_Task directions:_
Would you transcribe the records below from the line with "Camiseta John John" to the line with "Раскраска Земной шар", ends included, exactly and with nothing more, leaving the pictures out?
======== Exercise materials
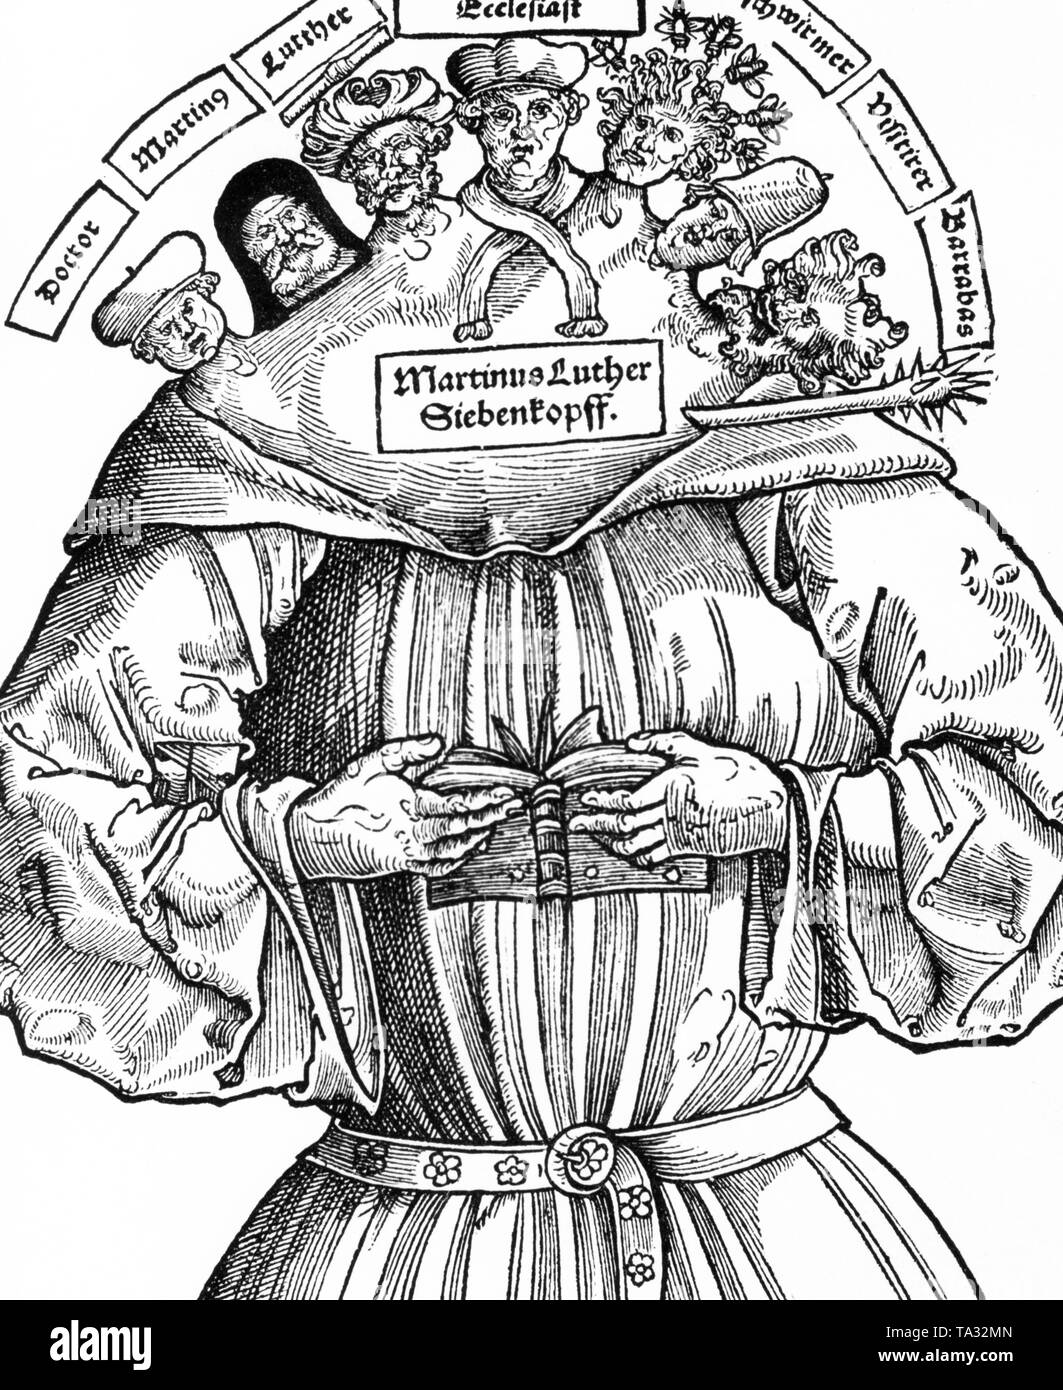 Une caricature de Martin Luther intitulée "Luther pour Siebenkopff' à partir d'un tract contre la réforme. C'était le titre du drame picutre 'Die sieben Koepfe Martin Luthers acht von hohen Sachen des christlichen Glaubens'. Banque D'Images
================
======== Exercise materials
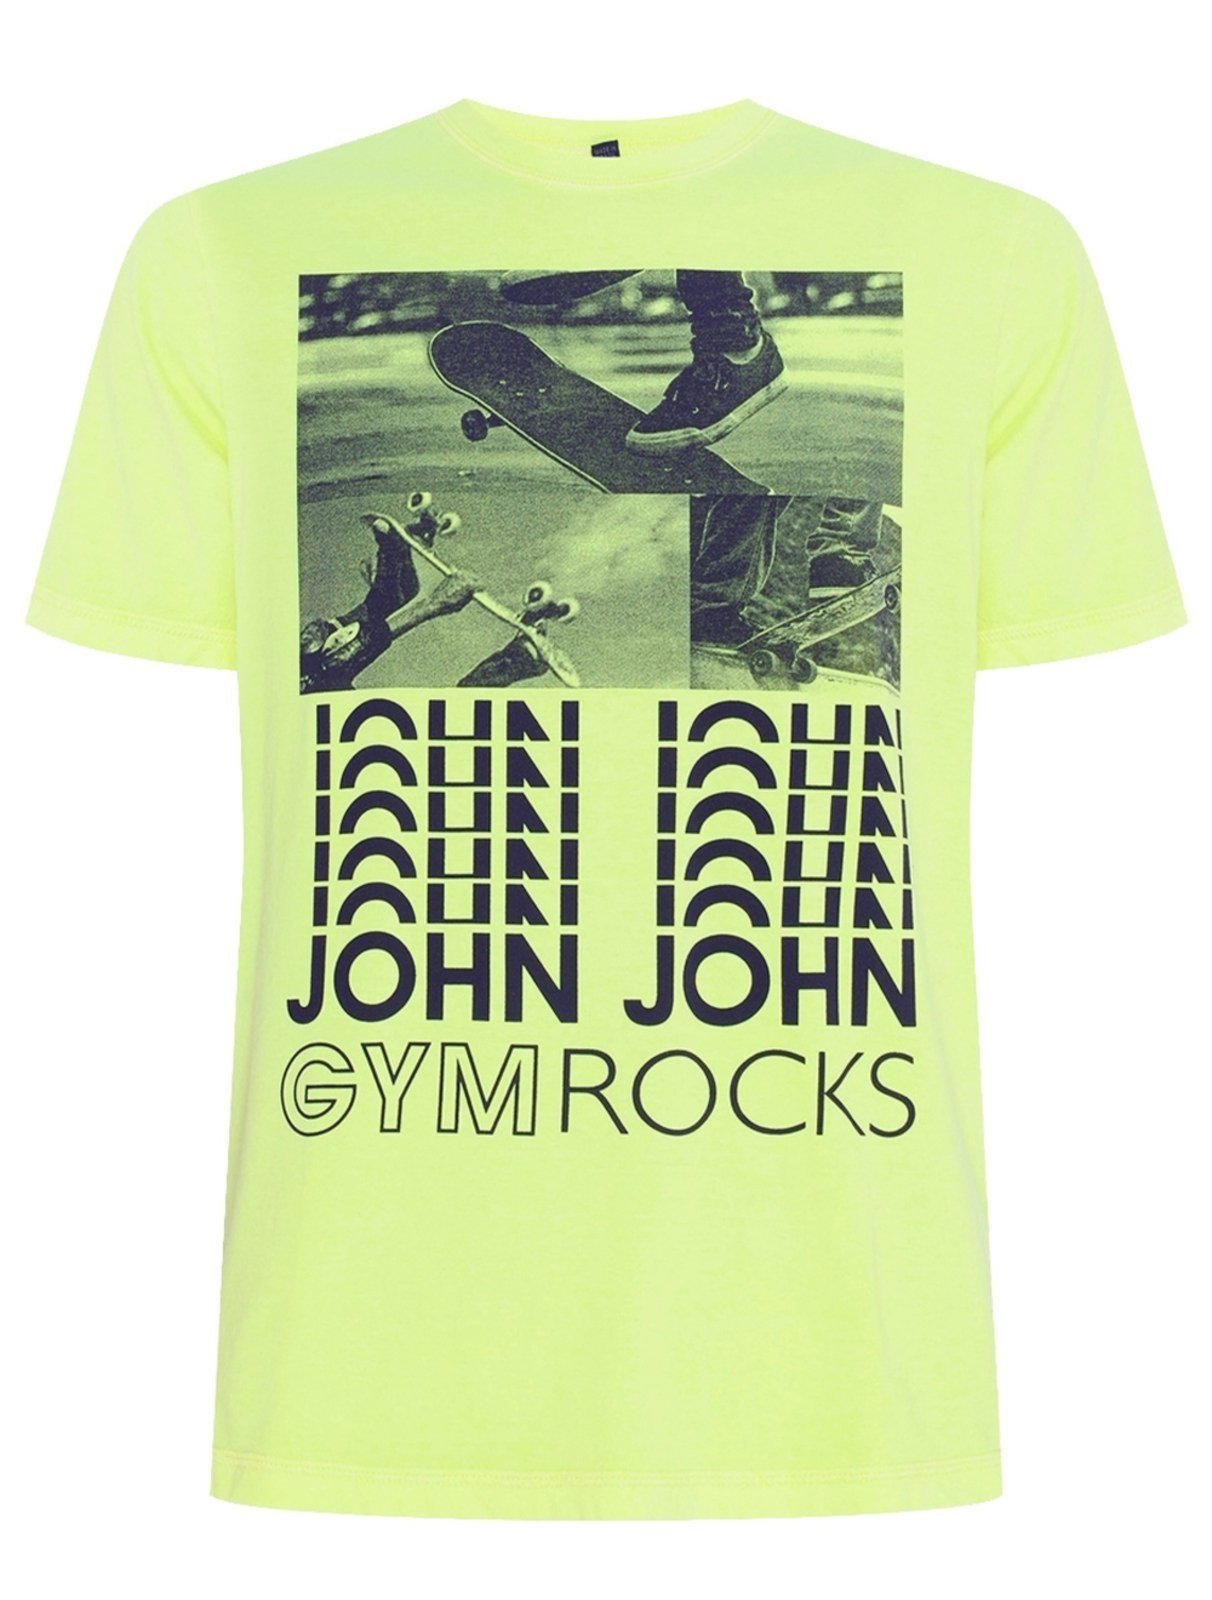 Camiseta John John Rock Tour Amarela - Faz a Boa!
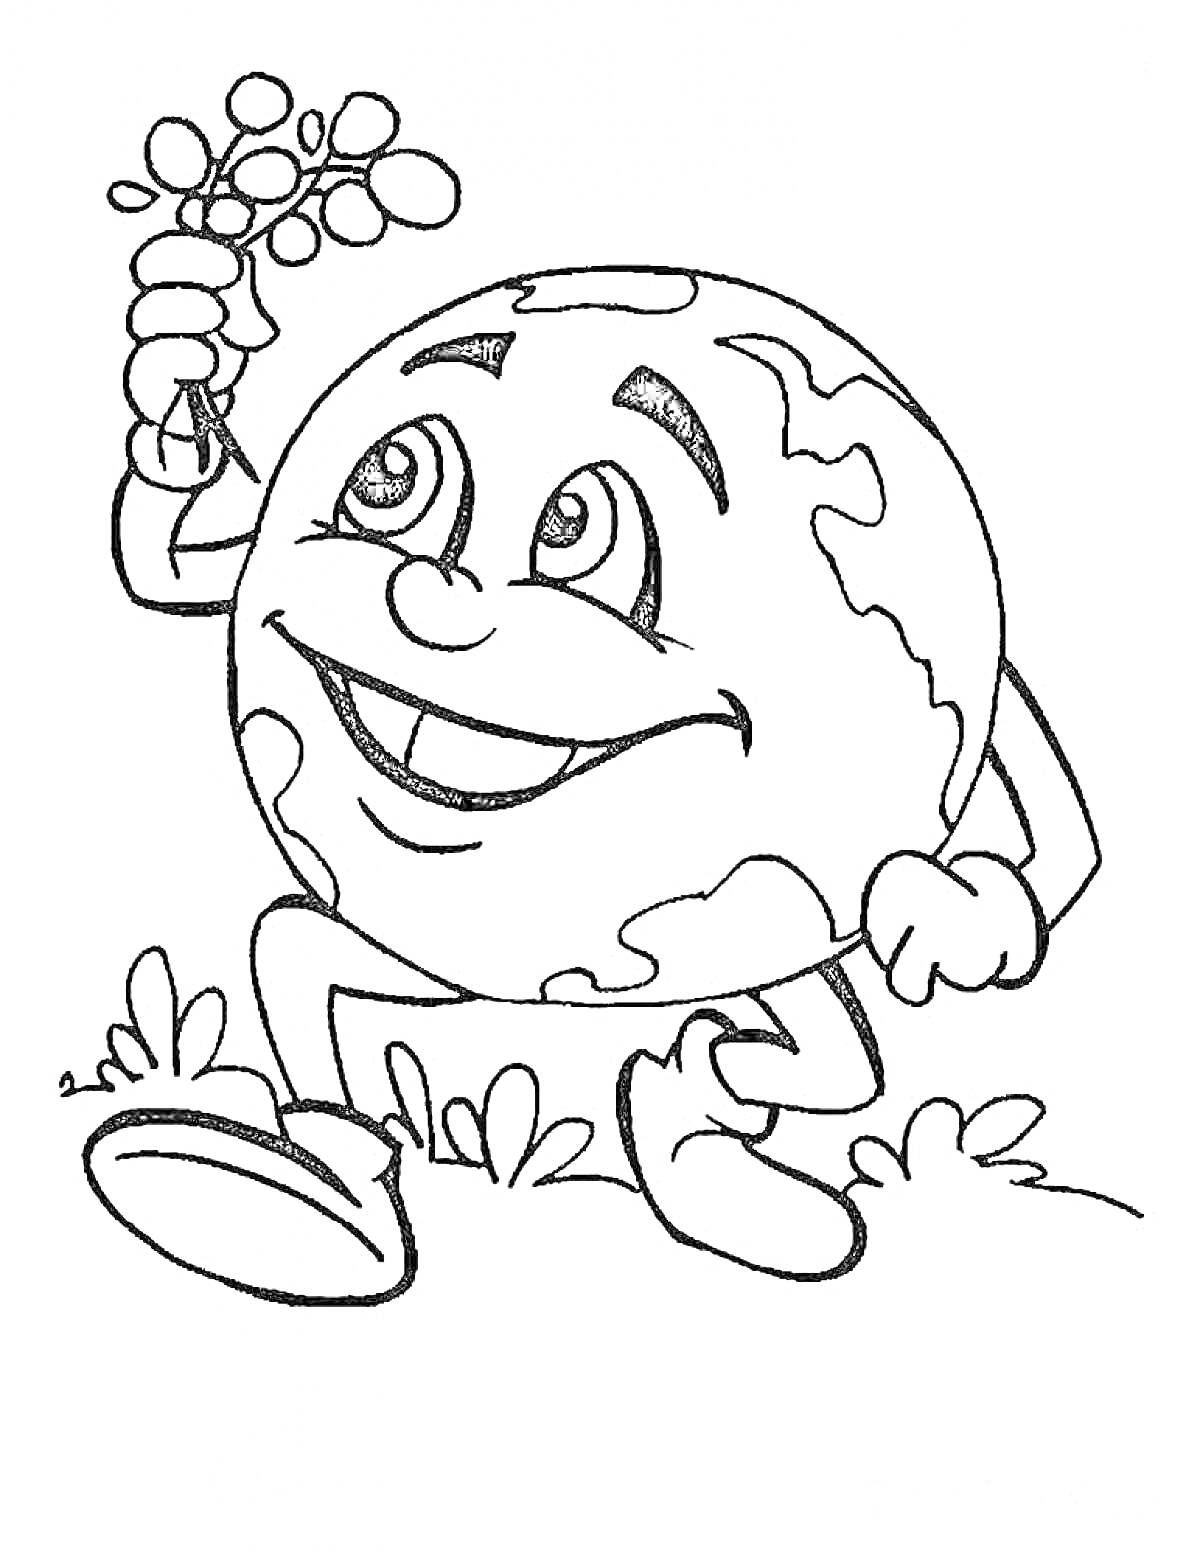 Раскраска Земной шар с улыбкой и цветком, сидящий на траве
================
_Answer to this problem:_
 Camiseta John John Rock Tour Amarela - Faz a Boa!
 Раскраска Земной шар с улыбкой и цветком, сидящий на траве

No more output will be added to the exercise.